Data Massage and Algorithmic trials in Governance of Danish Education
Helene Ratner, Copenhagen Business School
Stakeholders around Danish education are currently involved in developing new database devices (Ruppert, 2012) with the aim of facilitating systematic evaluation of the quality of education. A central feature of these devices is granular access to data. Speaking of this as a shift of data use from ’controlling’ to ’massaging’ individual primary schools, civil servants at the Ministry of Education envision that granular access to data affords dialectic of information and intervention, in which database devices evaluate and anticipate individuals’ and institutions’ performance. The development of new database devices, however, also occasions what I refer to as ’algorithmic trials’: situations in which decisions about algorithms become a point of contention or negotiation. I briefly discuss two such algorithmic trials: one involves negotiating a distinction between research and politics when researchers and civil servants debate how to visualize and evaluate data on pupils’ well-being. The other involves deciding on ’good’ pupil performance when the ministry changes the evaluation criteria of pupils’ performance in national tests.

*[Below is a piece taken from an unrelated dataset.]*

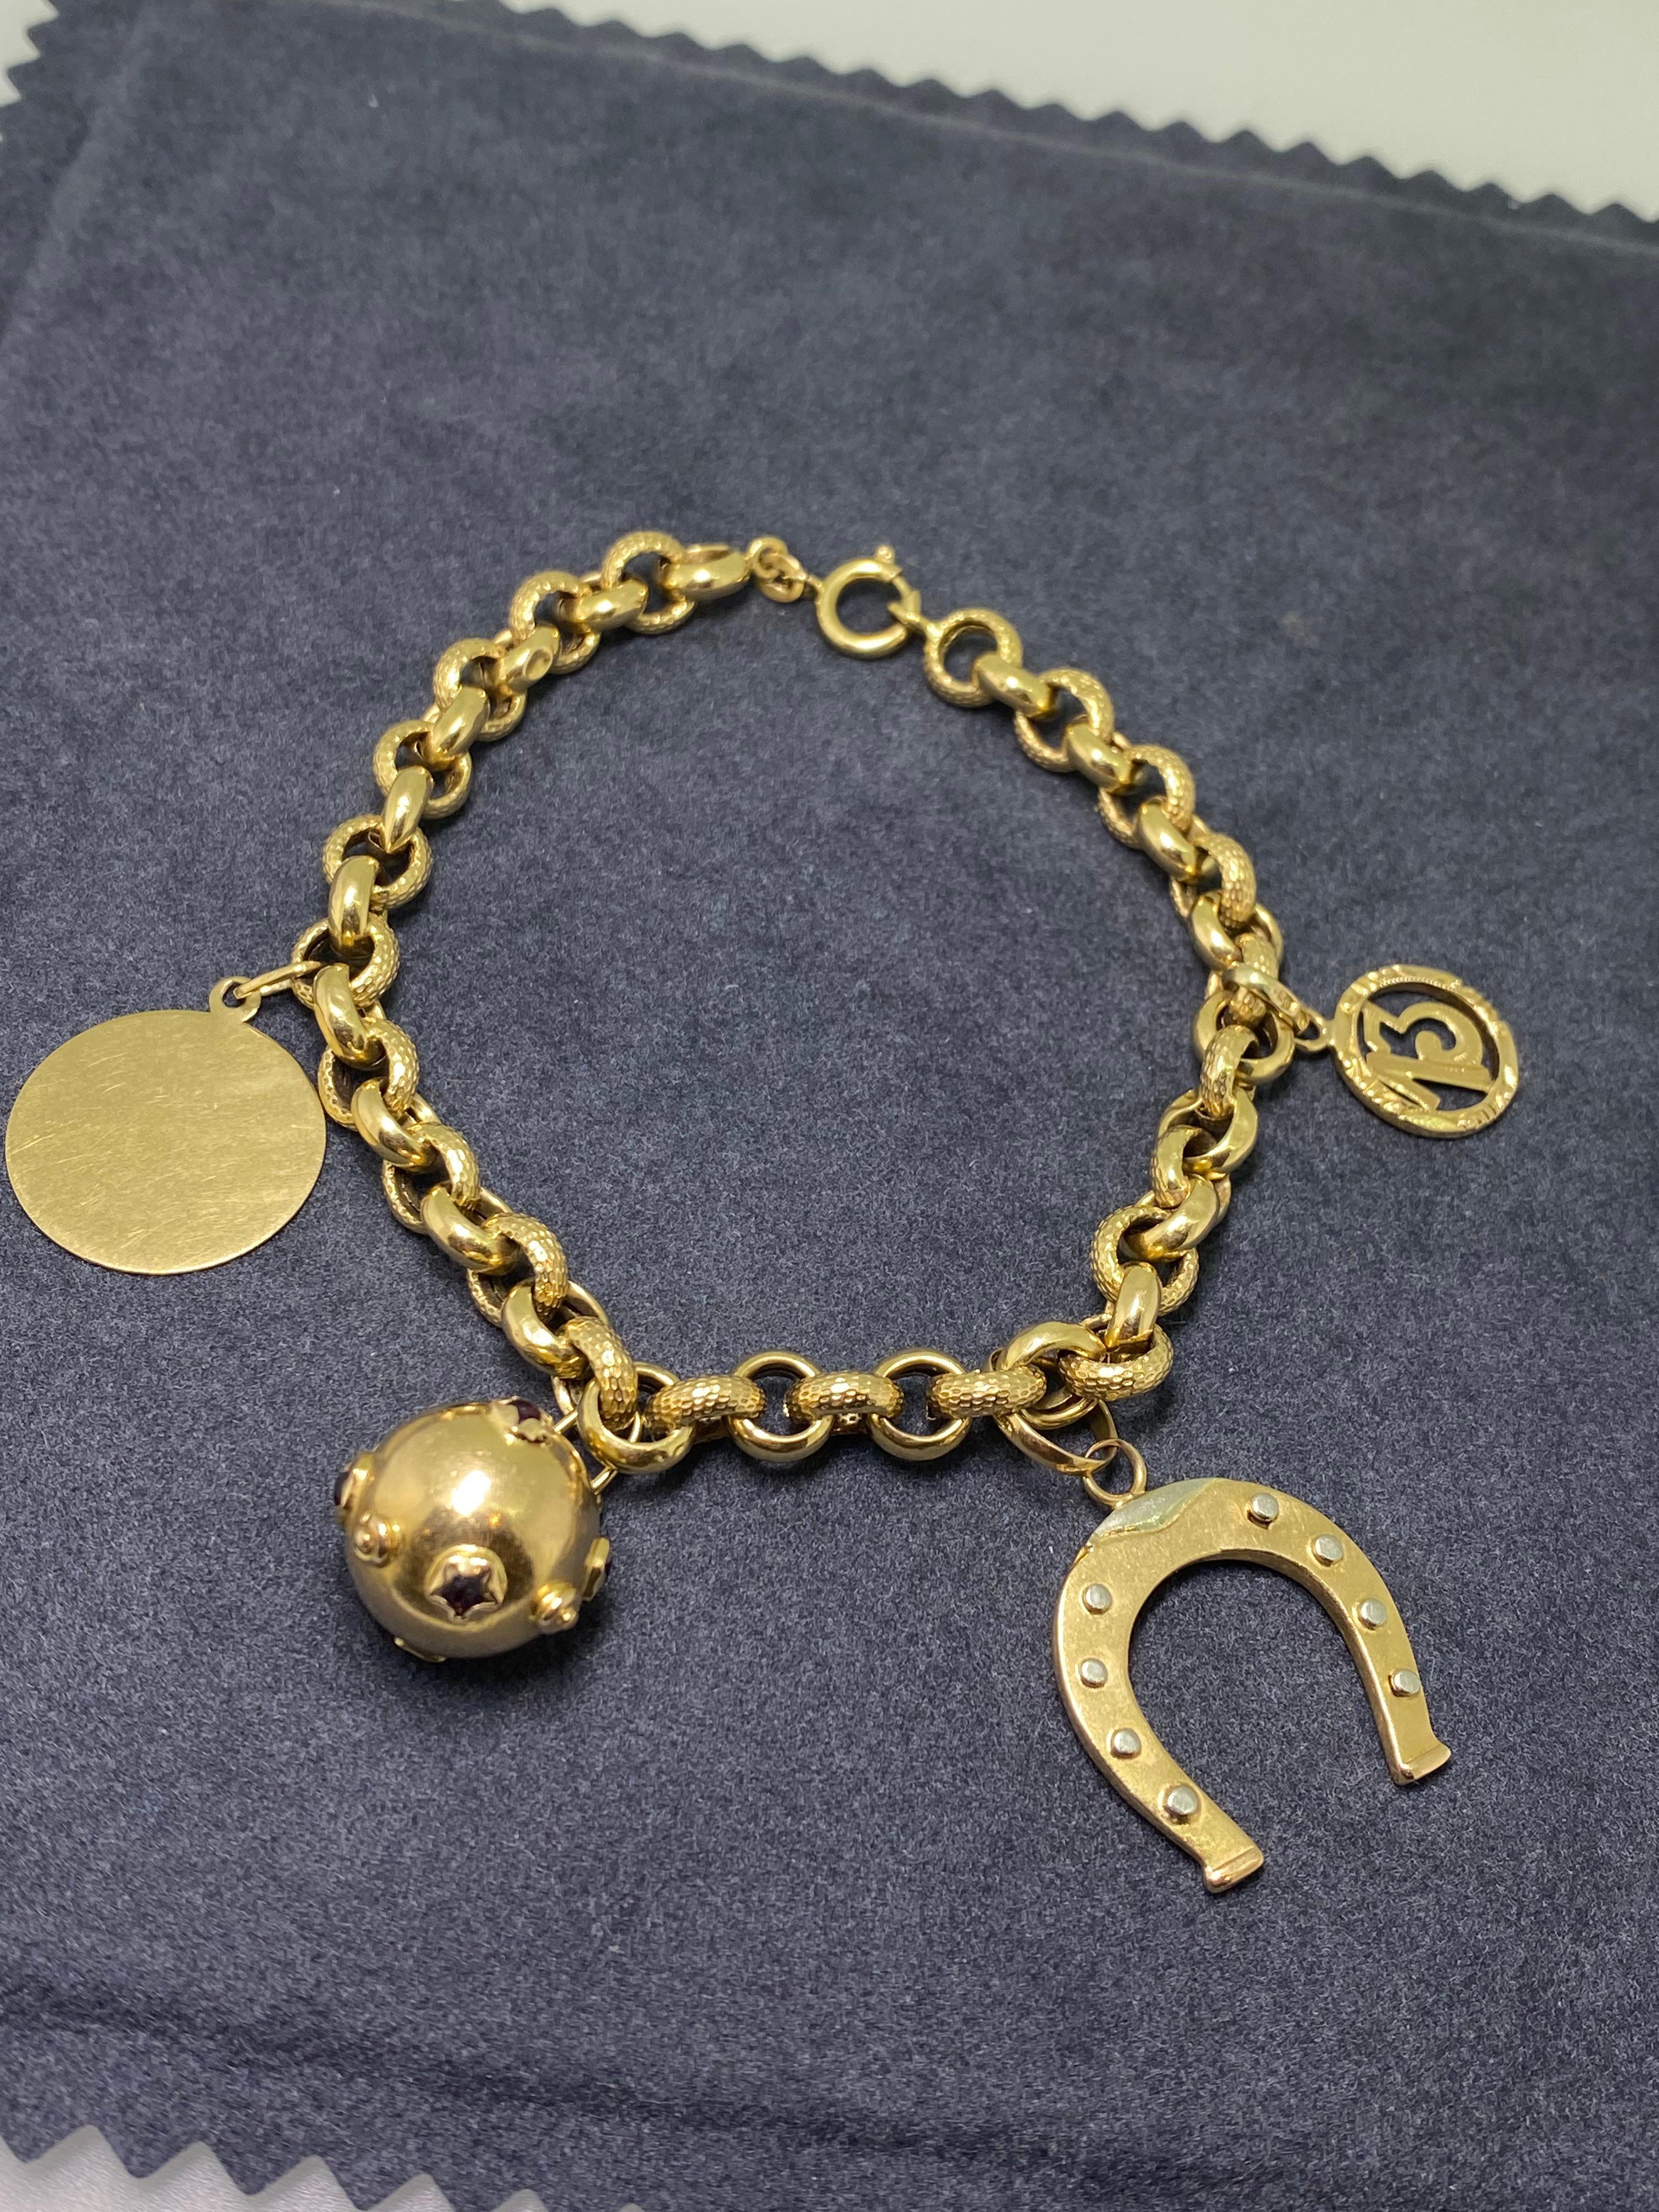 Modern 18k Yellow Gold Italian Charm Bracelet: Horseshoe, Ball, Disk, Figure 13 Charms
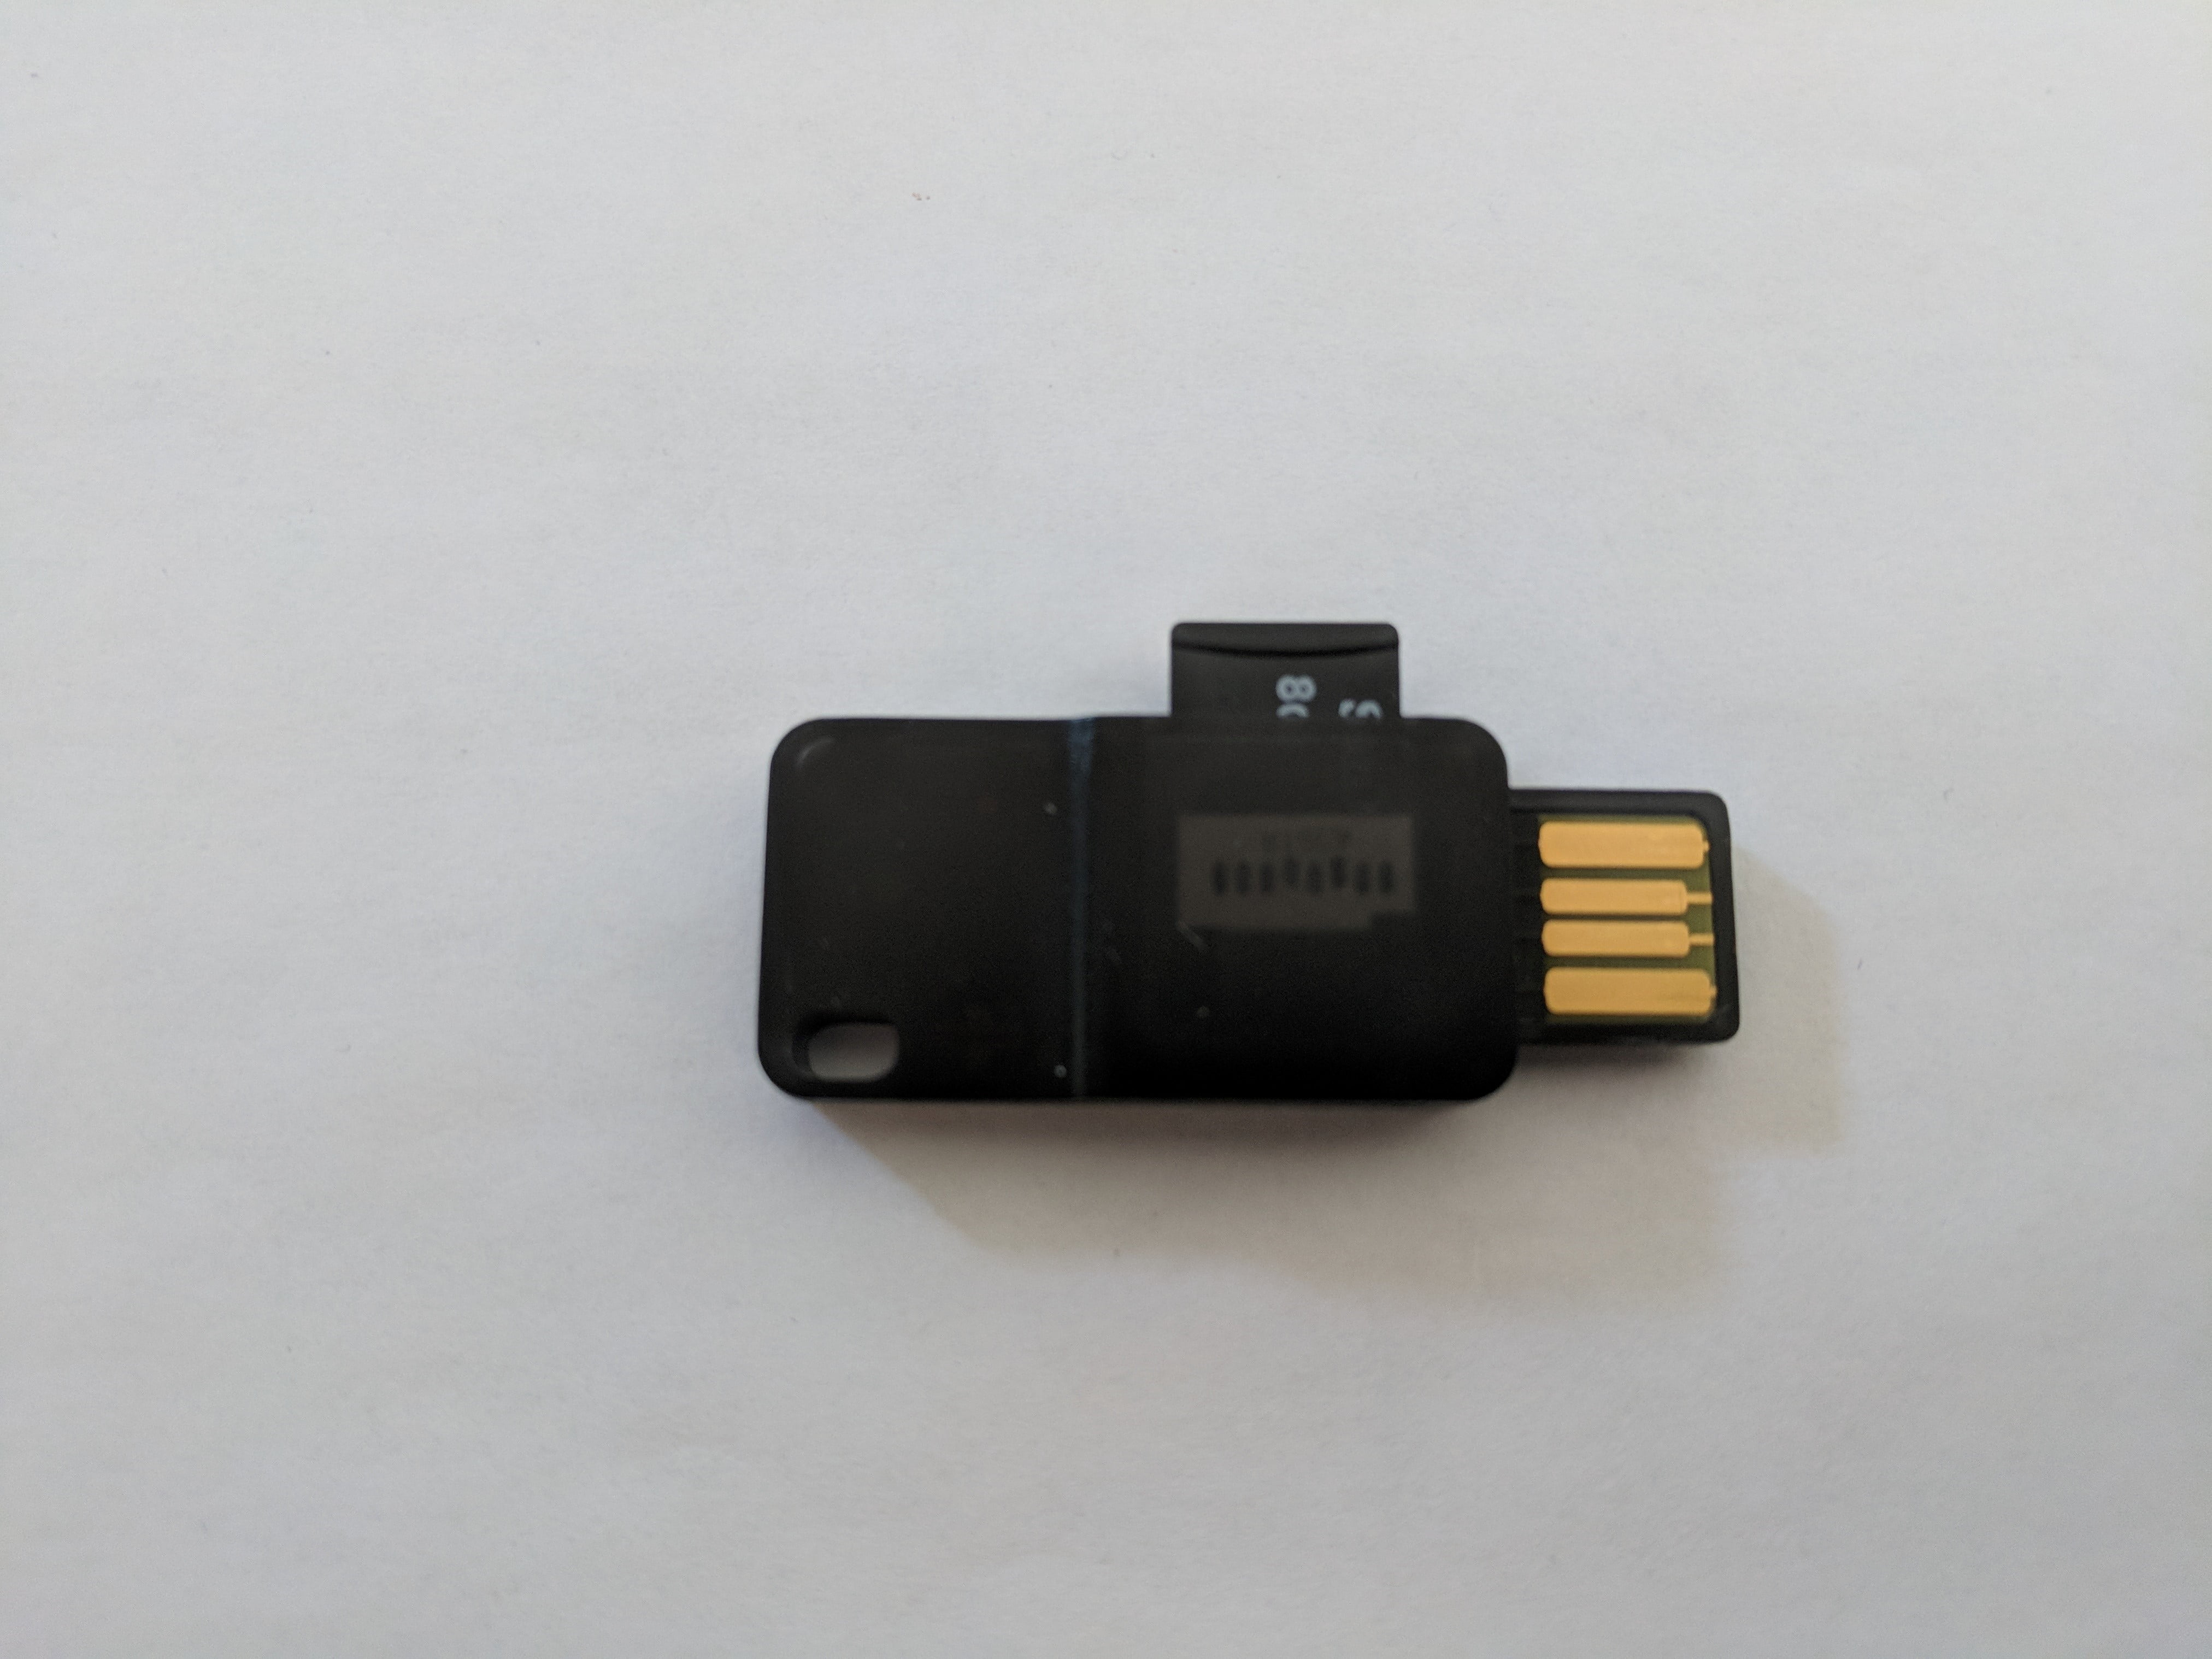 Digital Bitbox hardware wallet product shot

Learning machines and their passion for error
Adrian Mackenzie, Lancaster University
In very many settings today, algorithms that learn are highly valued. What does it mean for an algorithm to learn, and to learn in so many different settings (stock markets, scientific fields, medicine, media and entertainment, etc.)? What kind of pedagogy, training, testing and examination accompanies this learning? Typically, such algorithms are trained during a ‘supervised learning’ phase, and then tested for their ability to ‘generalize’ to hitherto unseen cases. The power of such ‘learning machines’ to classify, rank or predict depends less on an innately powerful algorithm shredding data like a food processor than on disciplined alignments between the data that the algorithm encounters, penalised treatments of variations and mis-classifications, and a thoroughly test-based optimisation of algorithmic movements. In many ways, this mode of algorithmic disciplining seems to owe much more to disciplinary techniques of power than it does to mathematics, computer science or statistics. If that is the case, and if we are seeing a generalization of algorithmic power, then this disciplinary mode of formation of algorithmic learning (a formation in which algorithms are more like delinquent juveniles than sovereign abstractions) may have powerful effects on the forms of sorting, ordering, classification and regulation assembled in contemporary social fields. At the core of this disciplinary formation of machine learners lies an irreducible potency of error, which is both the target of much optimisation and the margin of indeterminacy whose ongoing presence animates a seemingly inexorable intensification of algorithmic processing. A small, almost toy demonstration of facial recognition algorithms, `kittydar`, illustrates both the power and problems of this sorting power. On the one hand, after its training phase has finished, `kittydar` is mostly automatic in its sorting of images of cat faces. On the other hand, the work that prepares and repairs this capacity to sort means that any appearance of learning and any performance of automatic face recognition involves multiple agents acting at different times.
How Do Algorithms Interact? The Comparative Sociology of High-Frequency Trading
Donald MacKenzie, University of Edinburgh
As the themes of these workshops make clear, algorithms sort and value people and things. They include some things and people and exclude others. The focus of my talk is on a situation in which the sorting and valuing is done not just by an individual algorithm, but by algorithms interacting with each other (and with human beings as well).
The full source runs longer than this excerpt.